Dashboards are Failing Users for LDAP Users


#1

Hi,
I installed x-pack across all the nodes on my ELK cluster, and also enabled Security with LDAP, and provided Kibana dashboard only roles for all the users in LDAP.
When I login thru elastic user Id, Am able to see the data on the dashboard, but when I login with the LDAP user Id, I see the below error message.

The request for this panel failed.
The aggregations key is missing from the response, check your permissions for this request.

Also, I had ran the kibana dashboard API request across all the nodes, and the response from all the nodes are same as below:

{"dashboard_only":{"enabled":true,"roles":["kibana_dashboard_only_user"],"rules":{"field":{"realm.name":"active_directory"}},"metadata":{}}}

Please let me know to how to resolve this issue. Thanks !


(Tim Vernum) #2

It looks like you're only granting the kibana_dashboard_only_user role, but not granting access to the underlying data.

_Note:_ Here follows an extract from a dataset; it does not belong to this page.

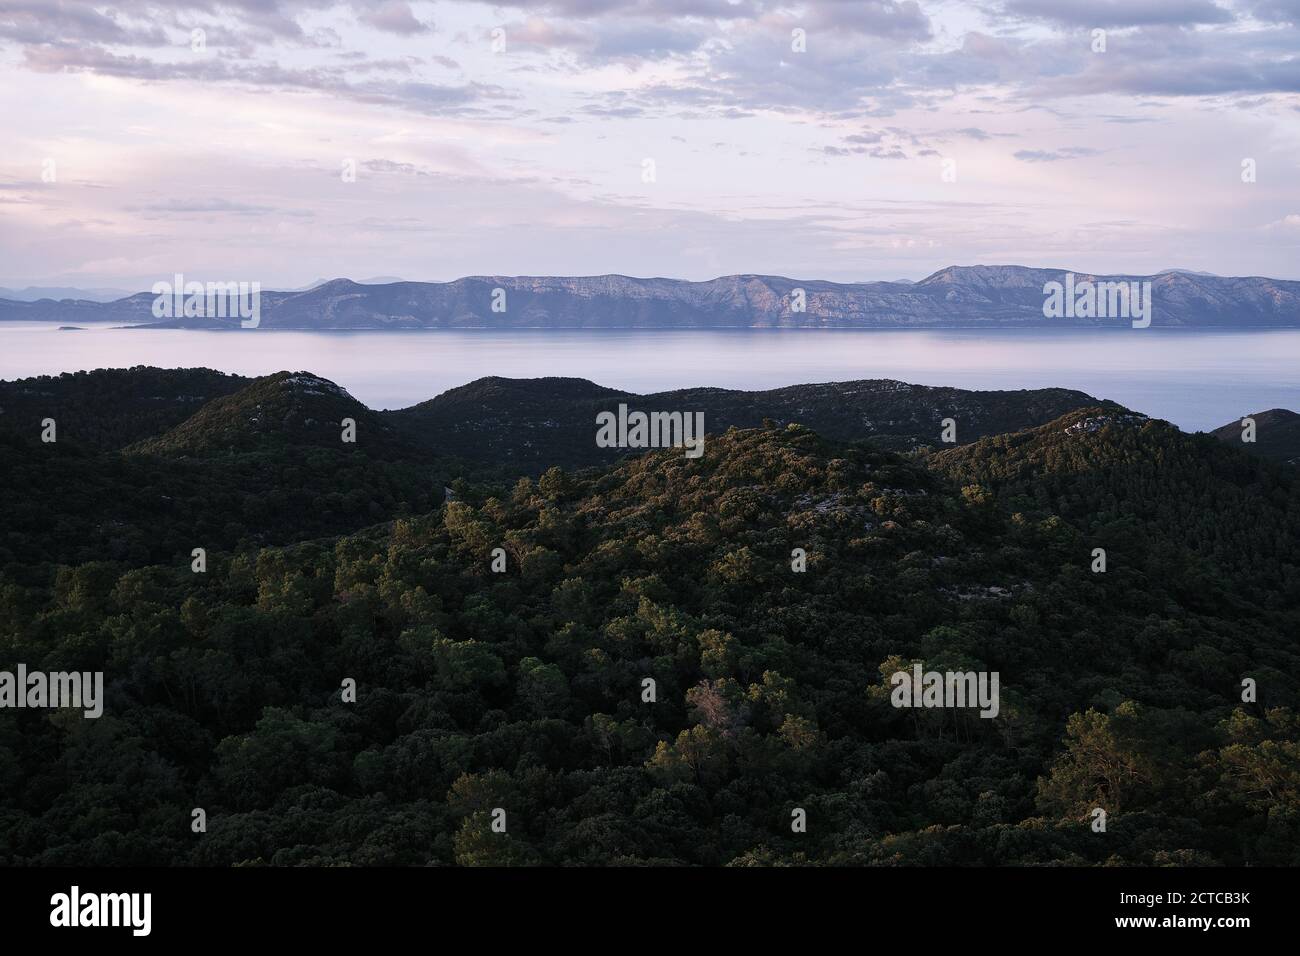 View over the island of Mljet on the Adriatic sea, Croatia Stock Photo

Kibana pulls in all data from Elasticsearch using the logged-in user's identity - they need to also be granted a role that gives them read access to the indices that power the dashboards.

See step 5 here: https://www.elastic.co/guide/en/kibana/6.2/using-kibana-with-security.html


(system) #3

This topic was automatically closed 28 days after the last reply. New replies are no longer allowed.